Fuzzy search algorithm (approximate string matching algorithm)
Asked Answered
G

5

82

I wish to create a fuzzy search algorithm. However, upon hours of research I am really struggling.

I want to create an algorithm that performs a fuzzy search on a list of names of schools.

This is what I have looked at so far:

Most of my research keep pointing to "string metrics" on Google and Stackoverflow such as:

  • Levenshtein distance
  • Damerau-Levenshtein distance
  • Needleman–Wunsch algorithm

However this just gives a score of how similar 2 strings are. The only way I can think of implementing it as a search algorithm is to perform a linear search and executing the string metric algorithm for each string and returning the strings with scores above a certain threshold. (Originally I had my strings stored in a trie tree, but this obviously won't help me here!)

Although this is not such a bad idea for small lists, it would be problematic for lists with lets say a 100,000 names, and the user performed many queries.

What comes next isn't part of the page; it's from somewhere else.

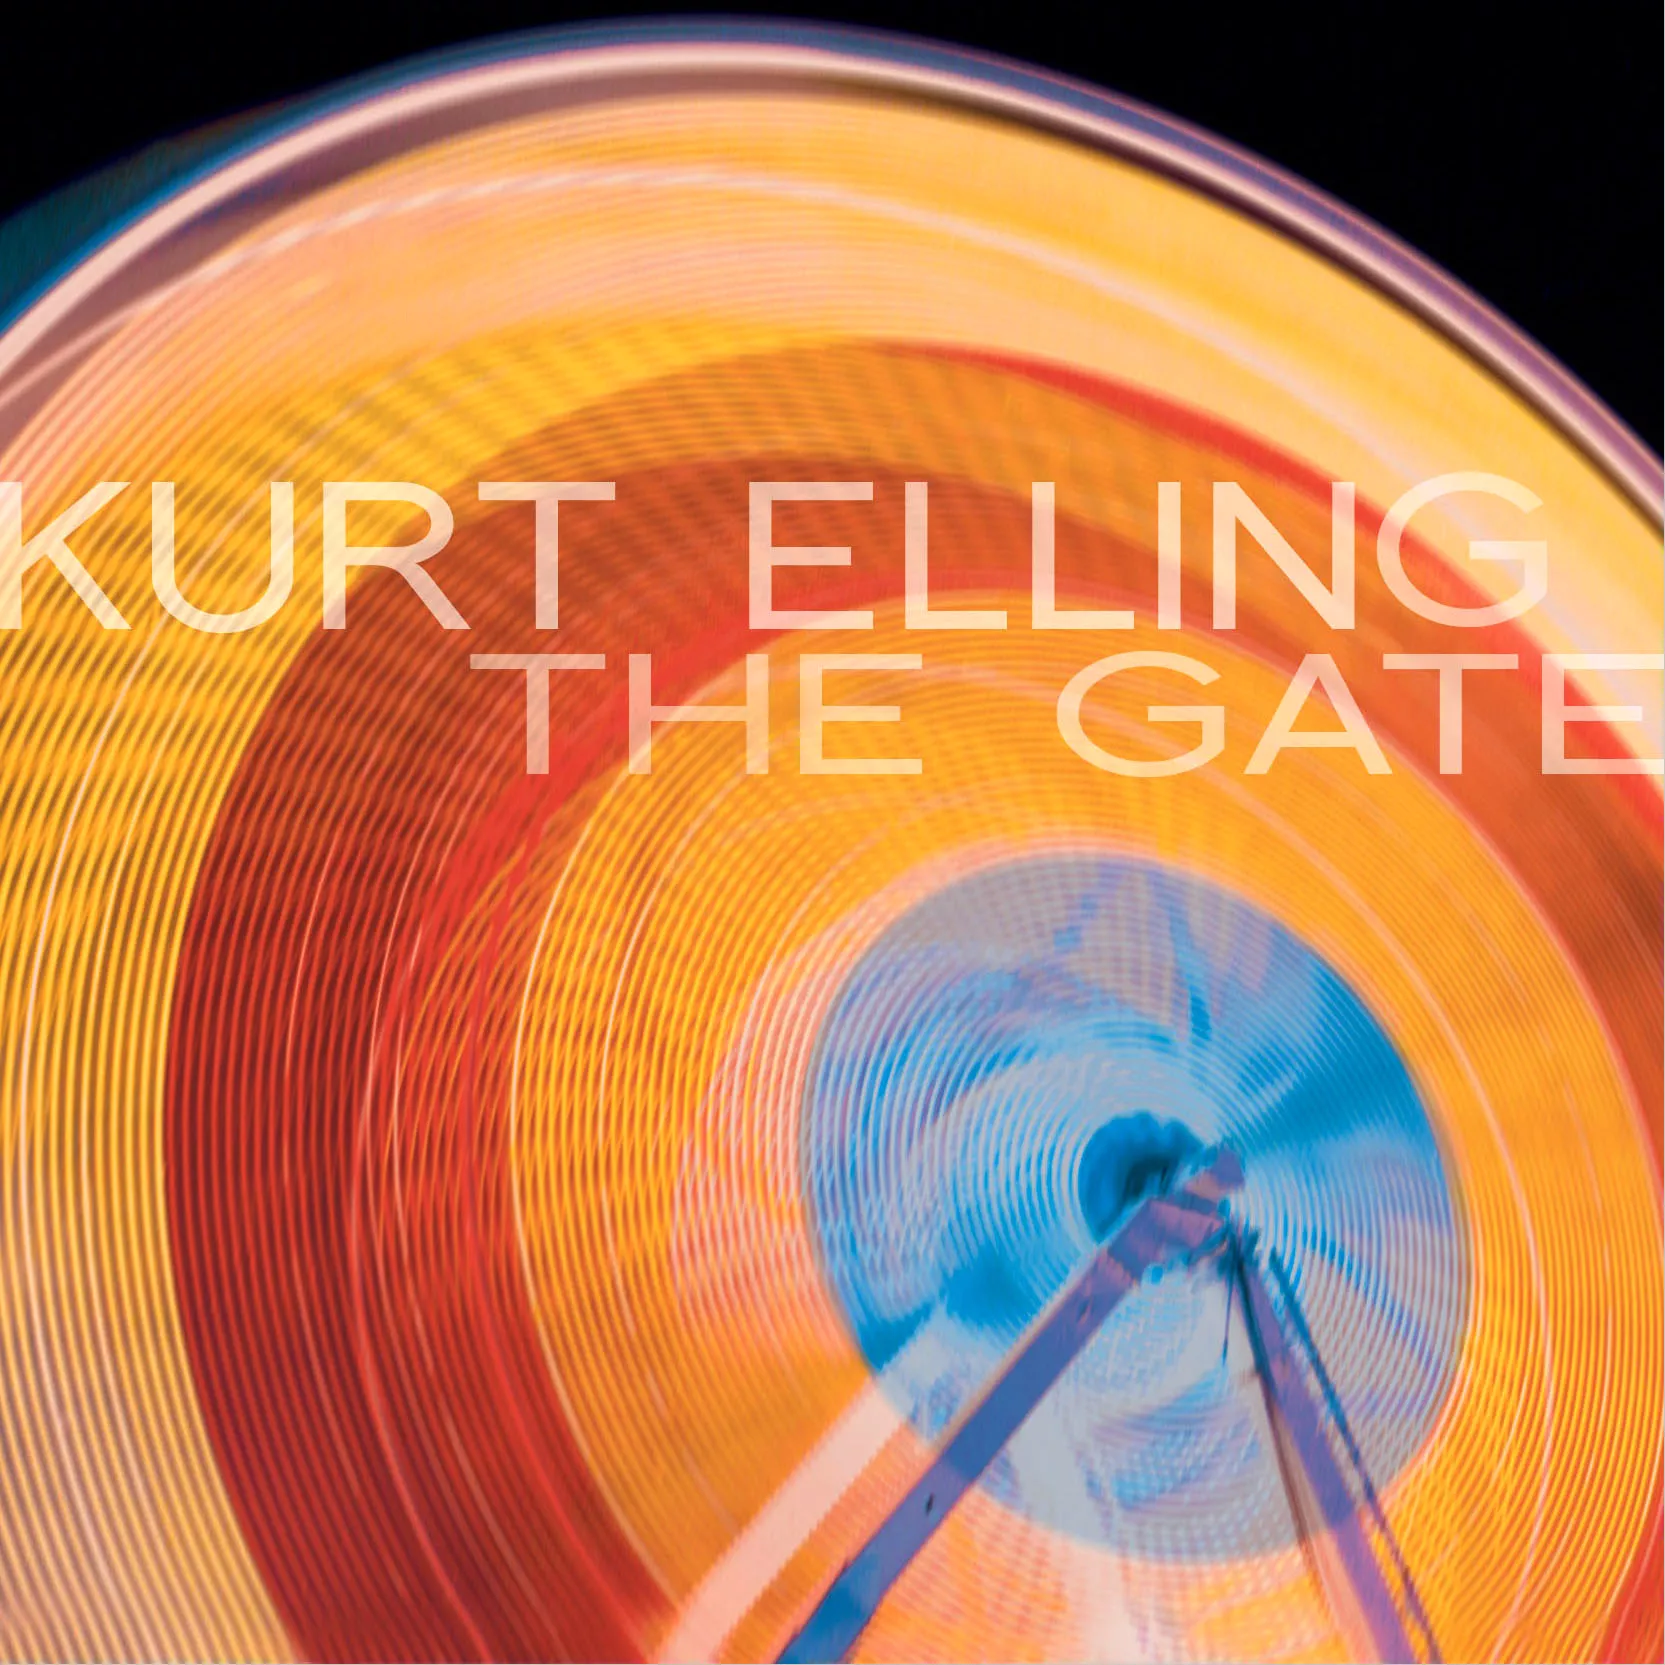 The Gate - Kurt Elling
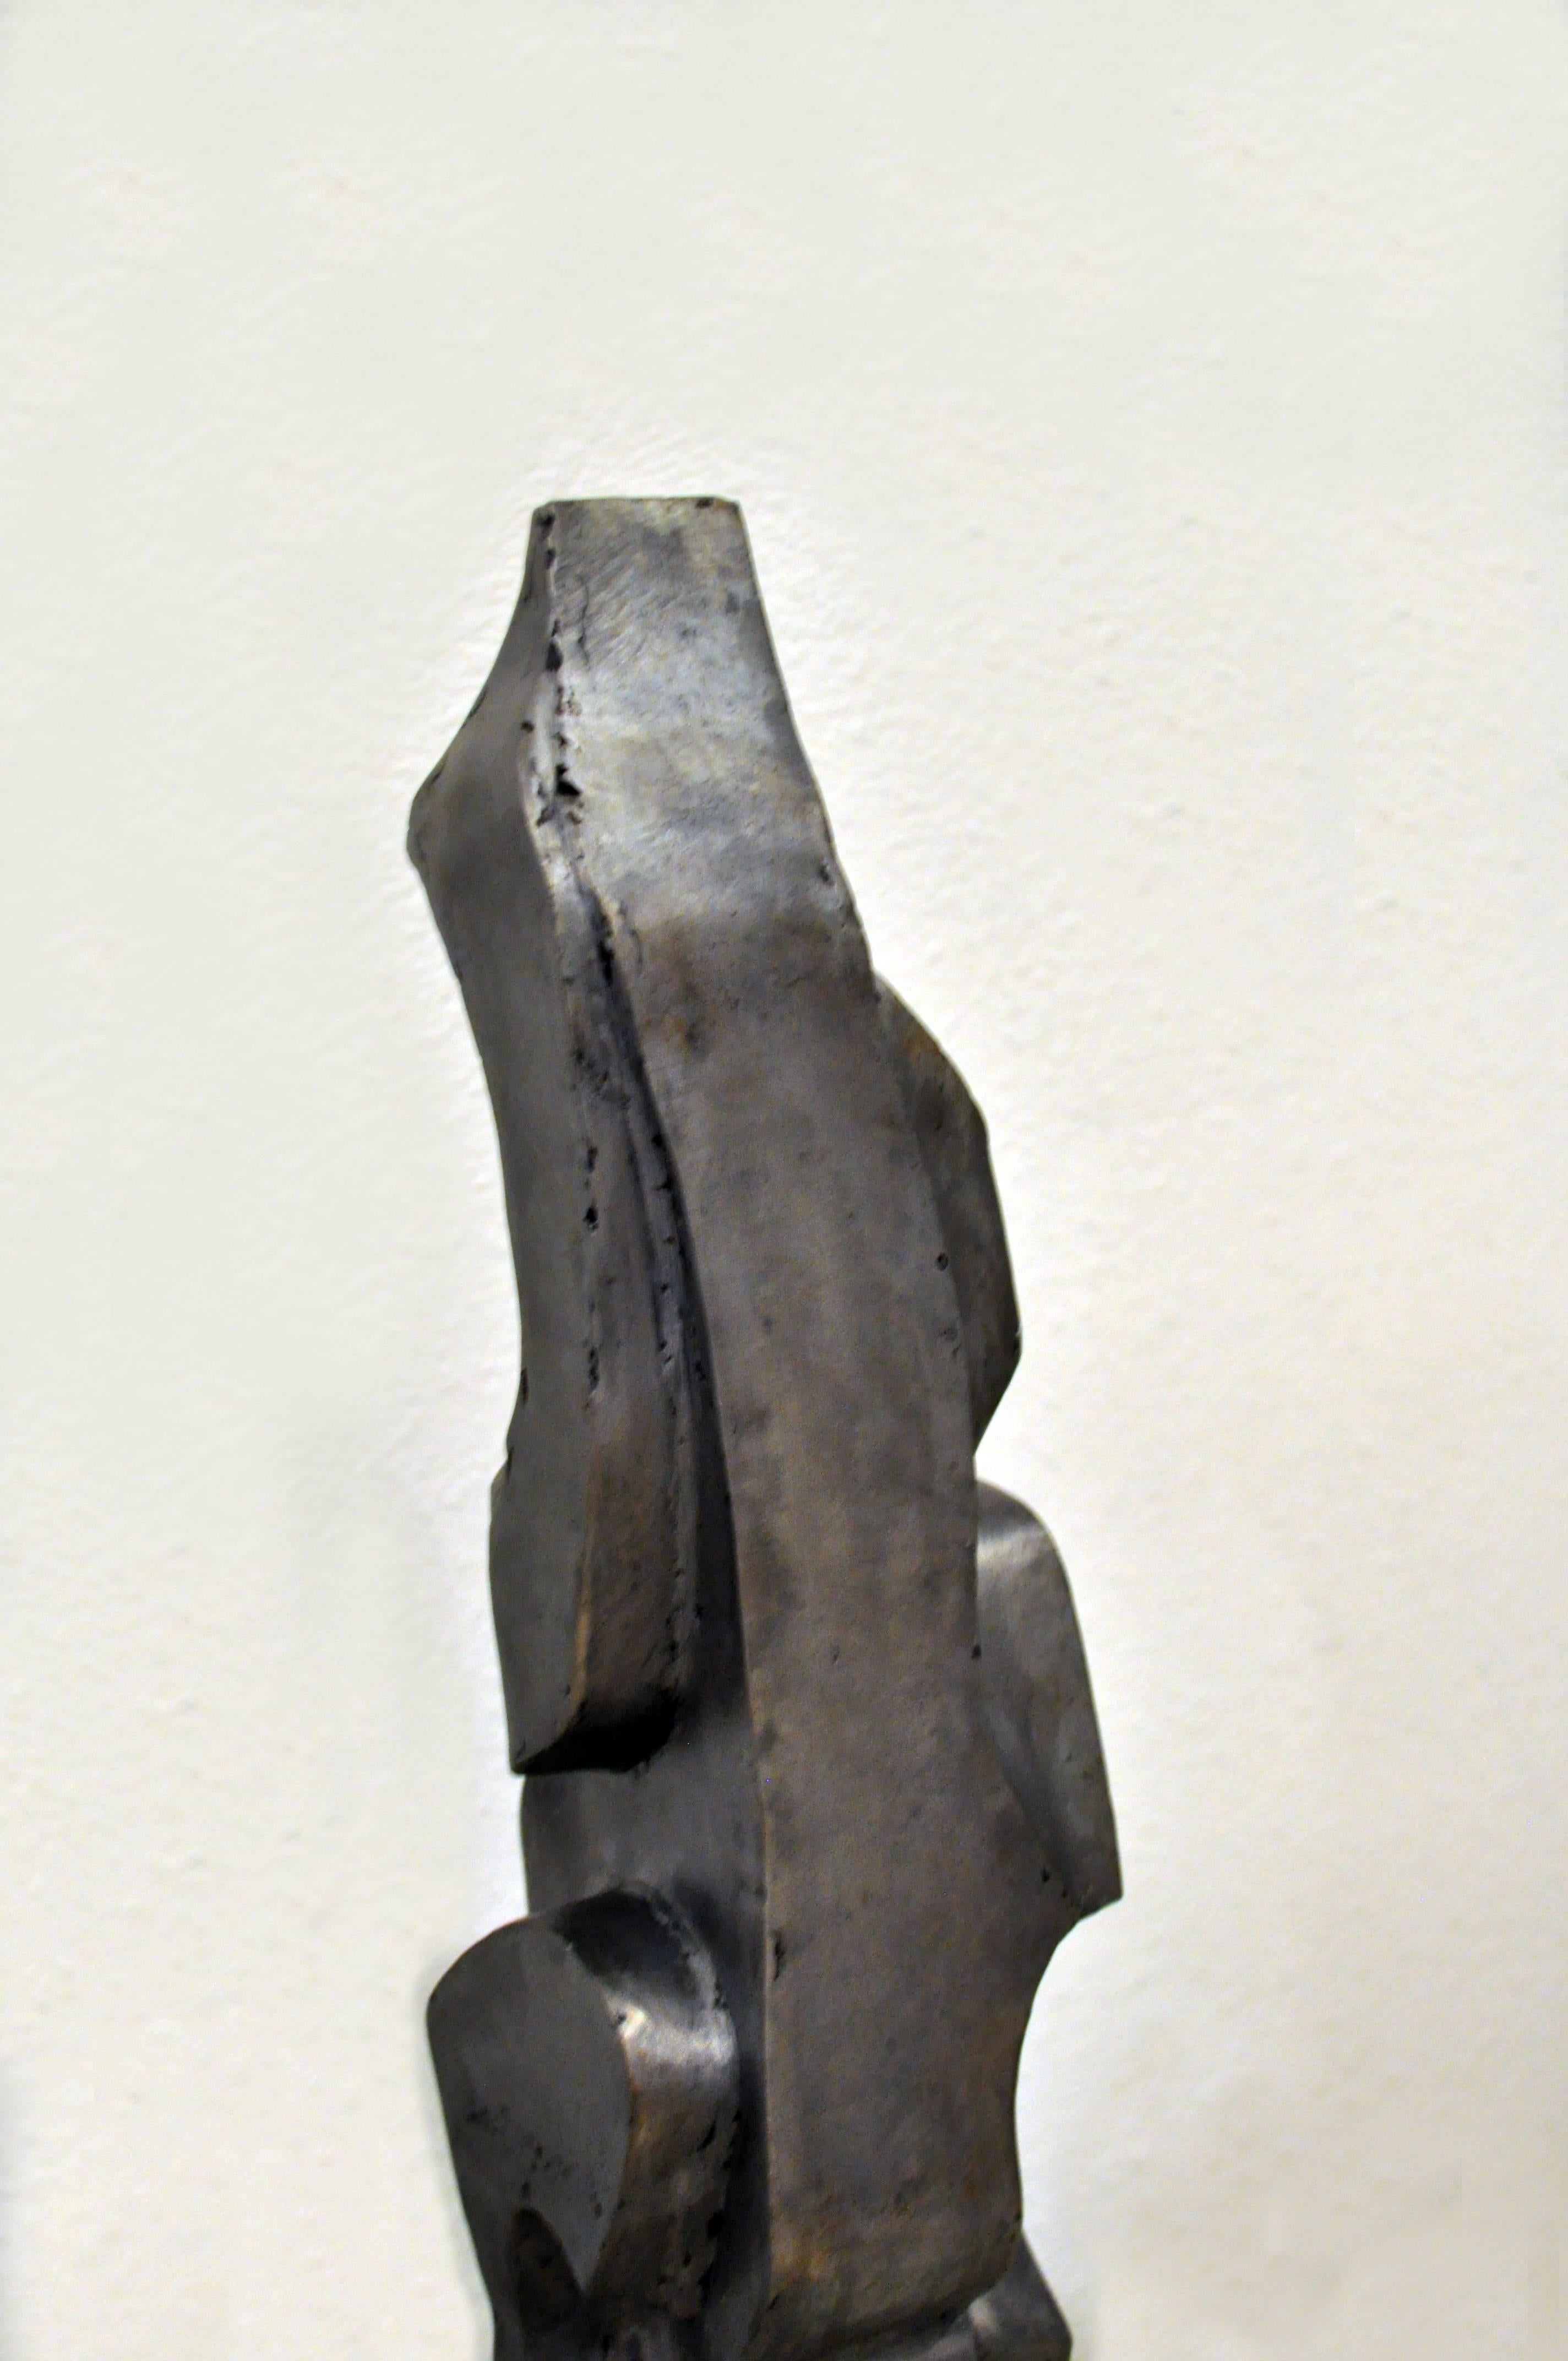 American Abstract Steel Sculpture Titled Steel Avatar by Artist Scott Donadio

Another algorithm I looked at is the Spell-checker method, where you just do a search for all potential misspellings. However this also is highly inefficient as it requires more than 75,000 words for a word of length 7 and error count of just 2.

What I need?

Can someone please suggest me a good efficient fuzzy search algorithm. with:

  • Name of the algorithm
  • How it works or a link to how it works
  • Pro's and cons and when it's best used (optional)

I understand that all algorithms will have their pros and cons and there is no best algorithm.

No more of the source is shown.